- [SOURCE MATERIAL]:
--- --- ---

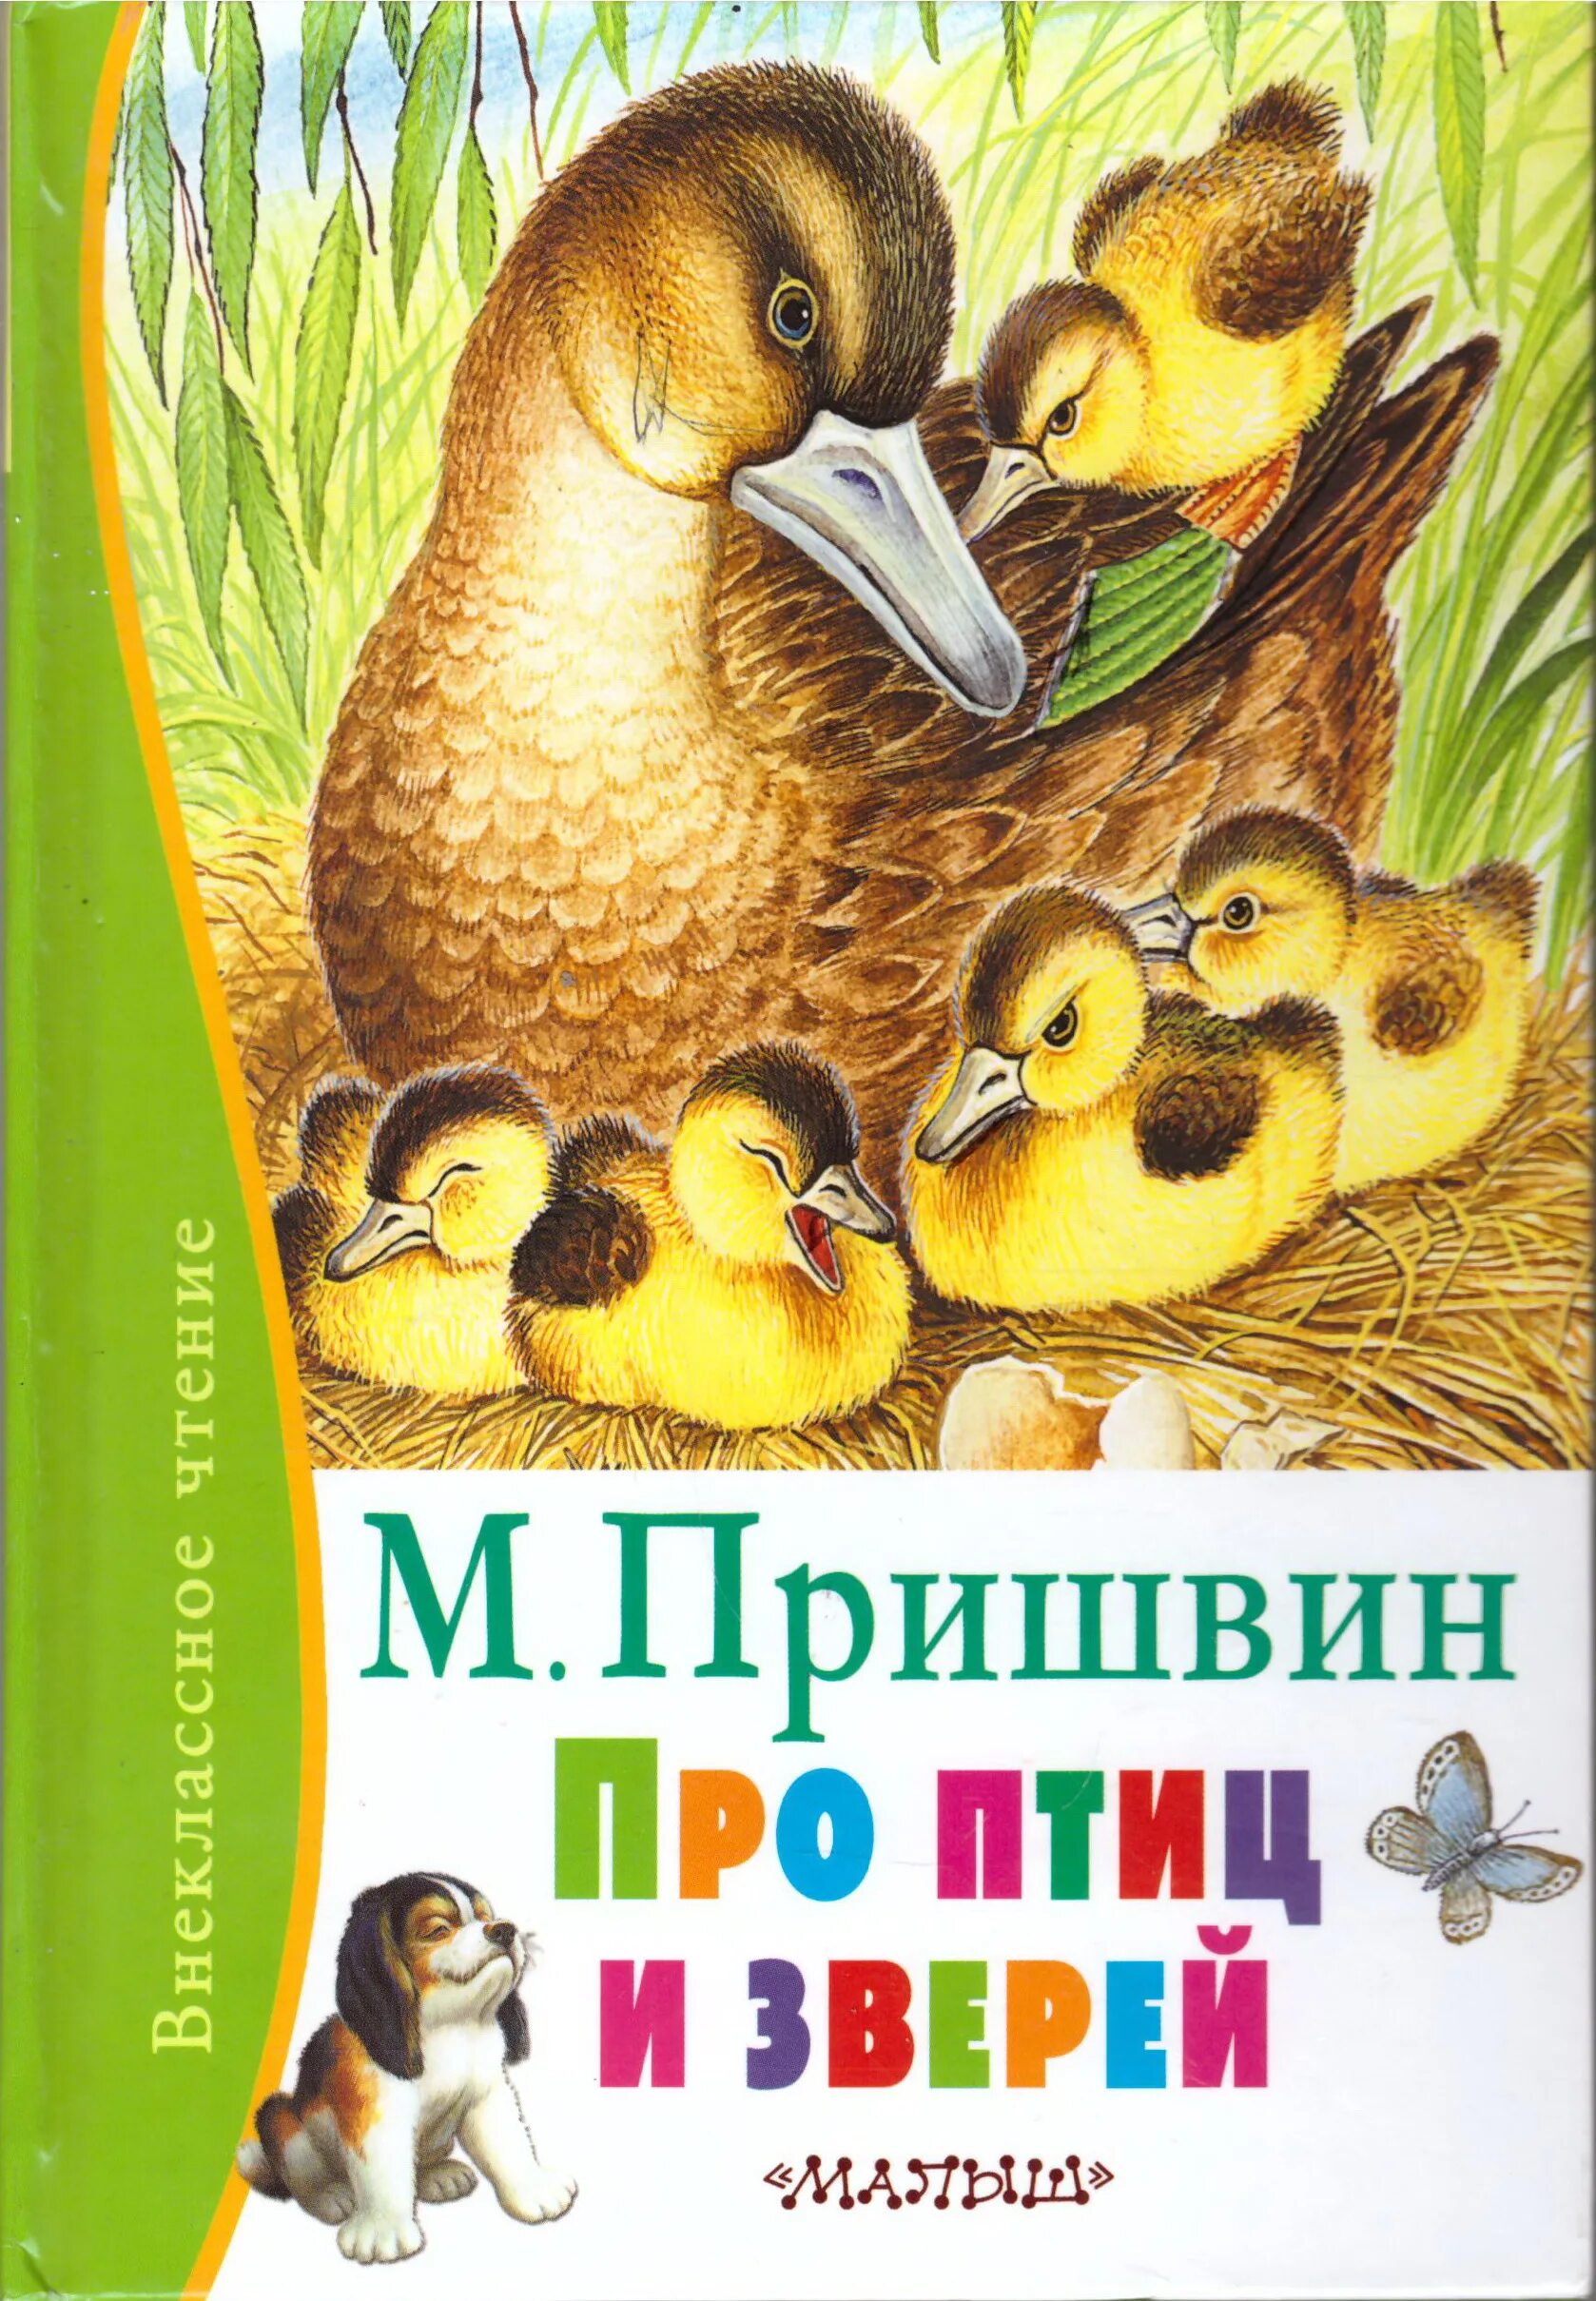 Пришвин про птиц и зверей книга. Обложка книги о животных.
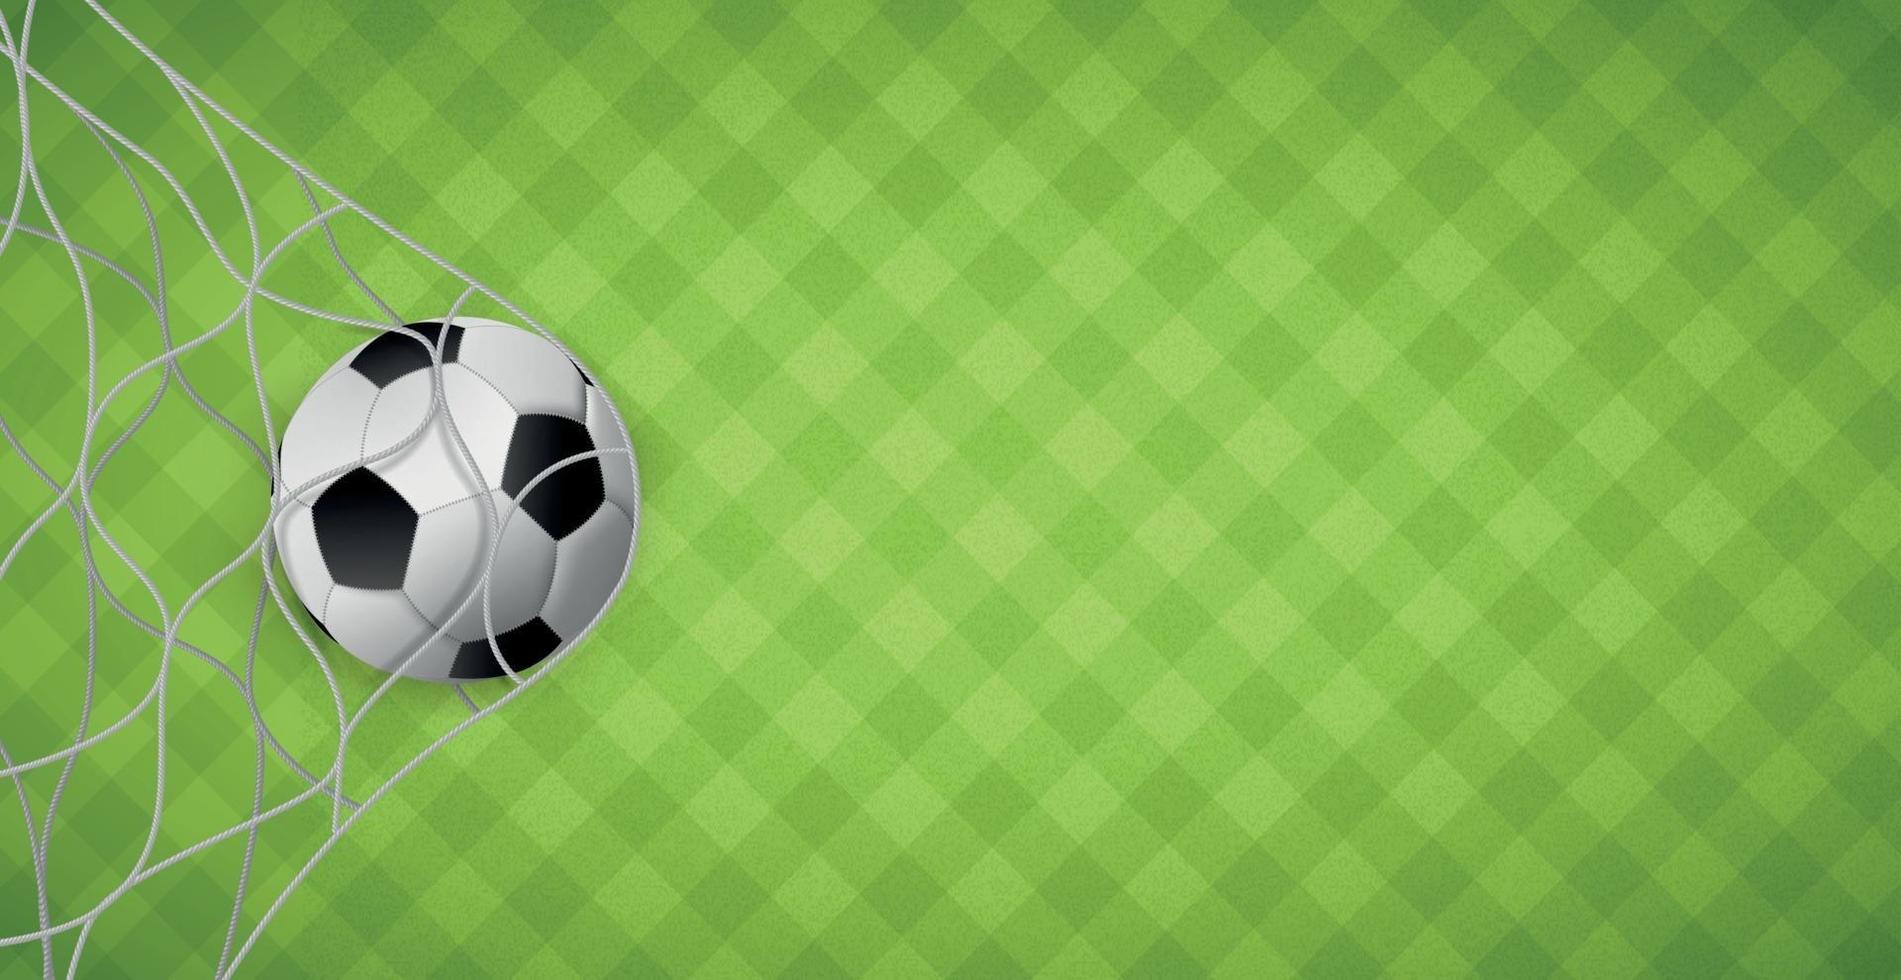 bola de futebol em uma rede de portões de futebol no fundo de um gramado verde - vetor
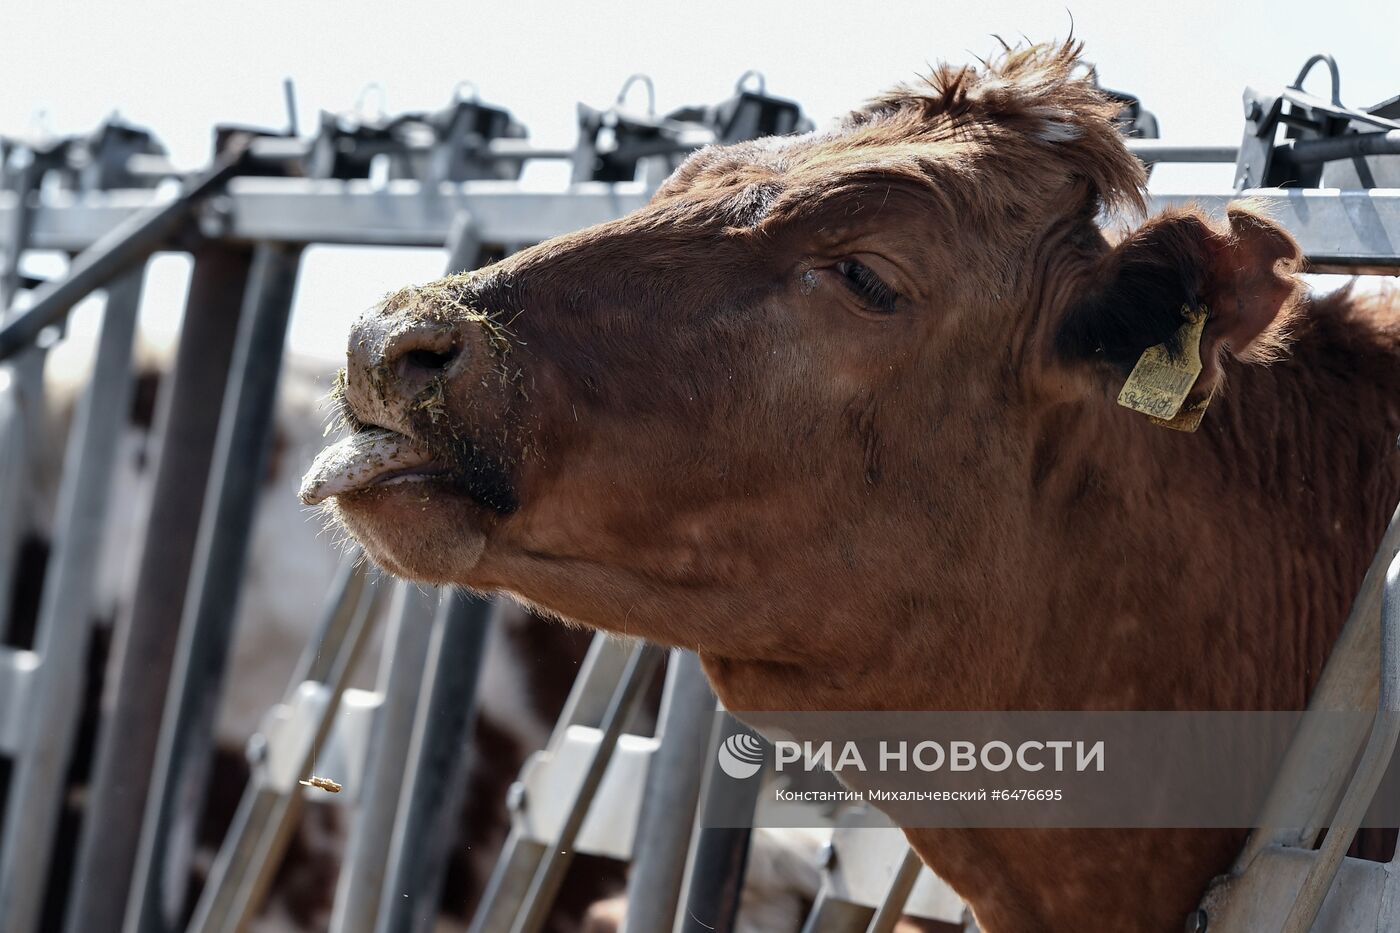 Животноводческое хозяйство "Партизан" в Крыму
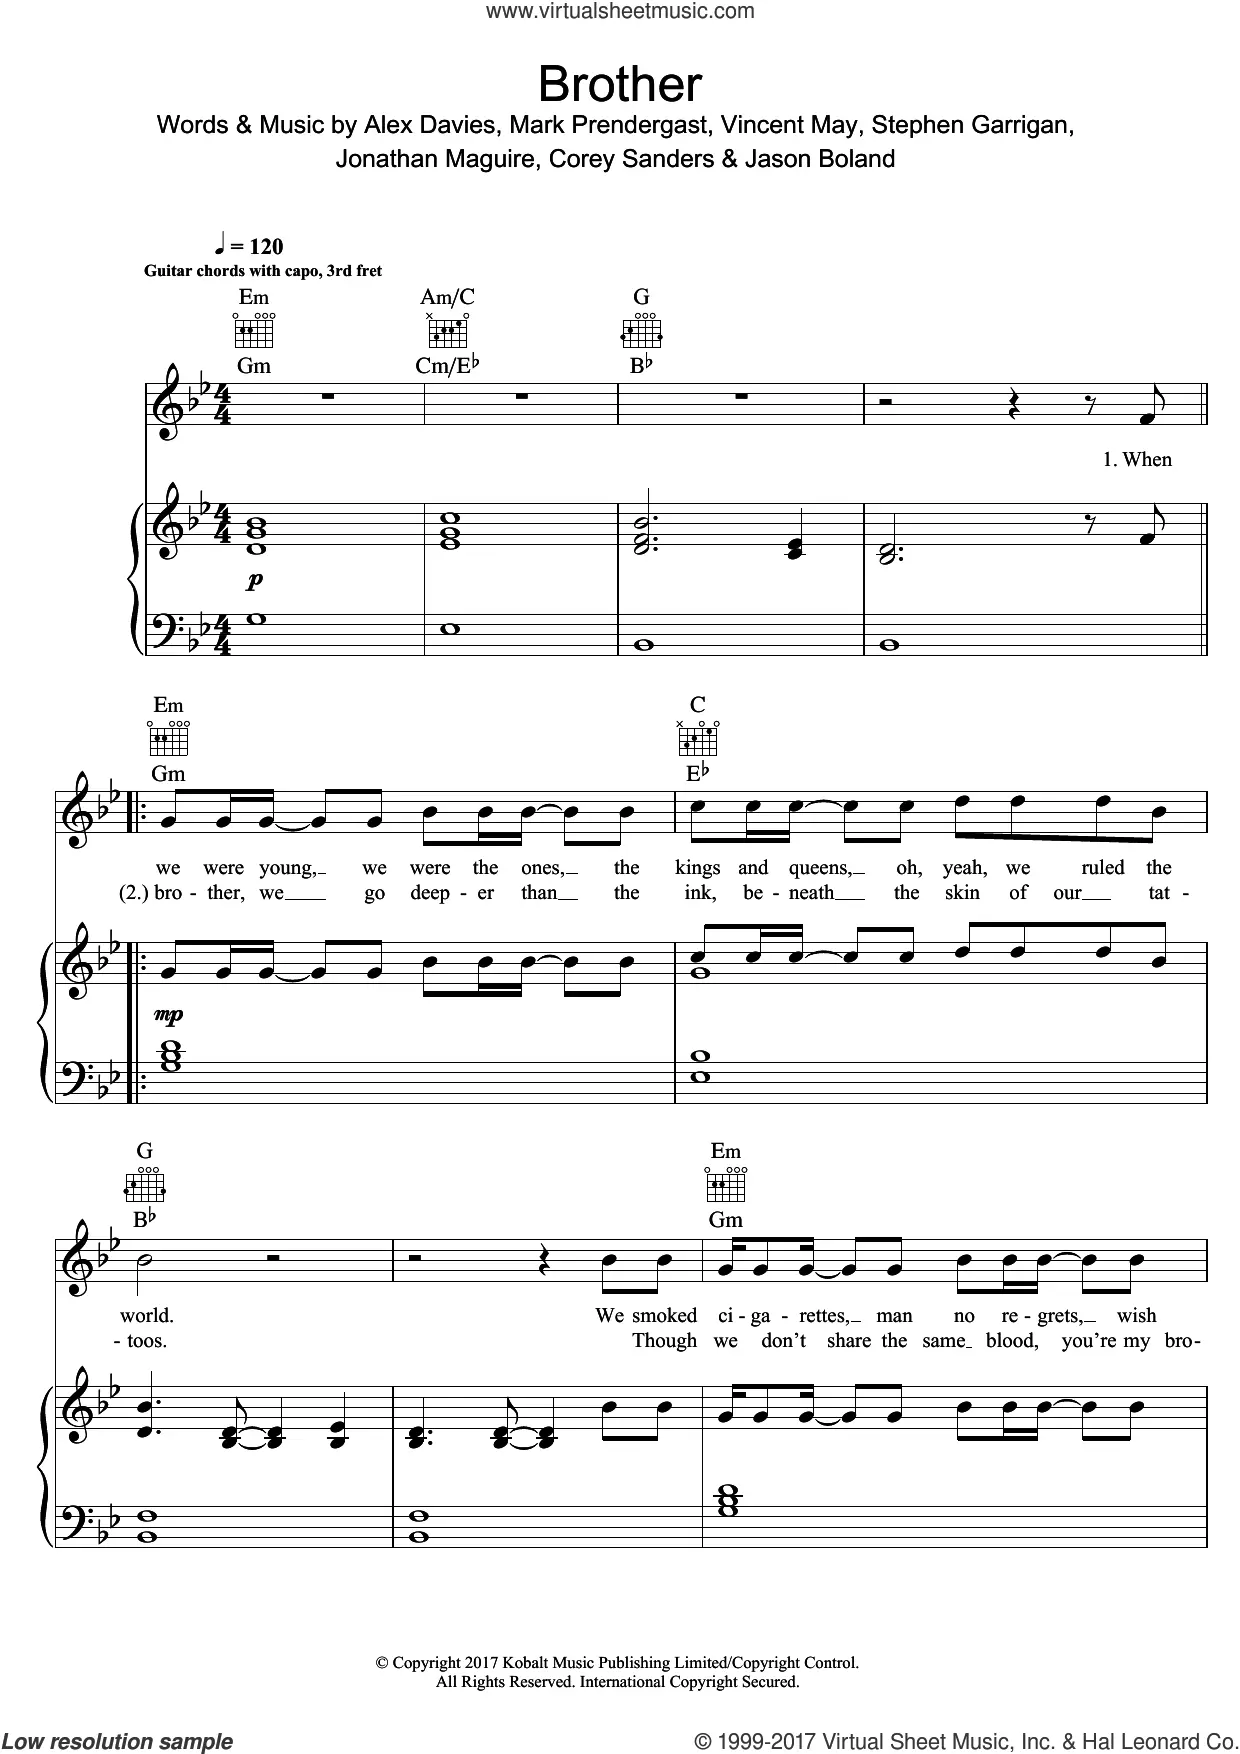 Chord: Play the Game - Kodaline - tab, song lyric, sheet, guitar, ukulele

--- --- ---

- [WORK INSTRUCTION]:
Without the pictures, give every line above again exactly.

- [WRITTEN REPLY]:
 Пришвин про птиц и зверей книга. Обложка книги о животных.
 bola de futebol em uma rede de portões de futebol no fundo de um gramado verde - vetor
 Животноводческое хозяйство "Партизан" в Крыму
 Chord: Play the Game - Kodaline - tab, song lyric, sheet, guitar, ukulele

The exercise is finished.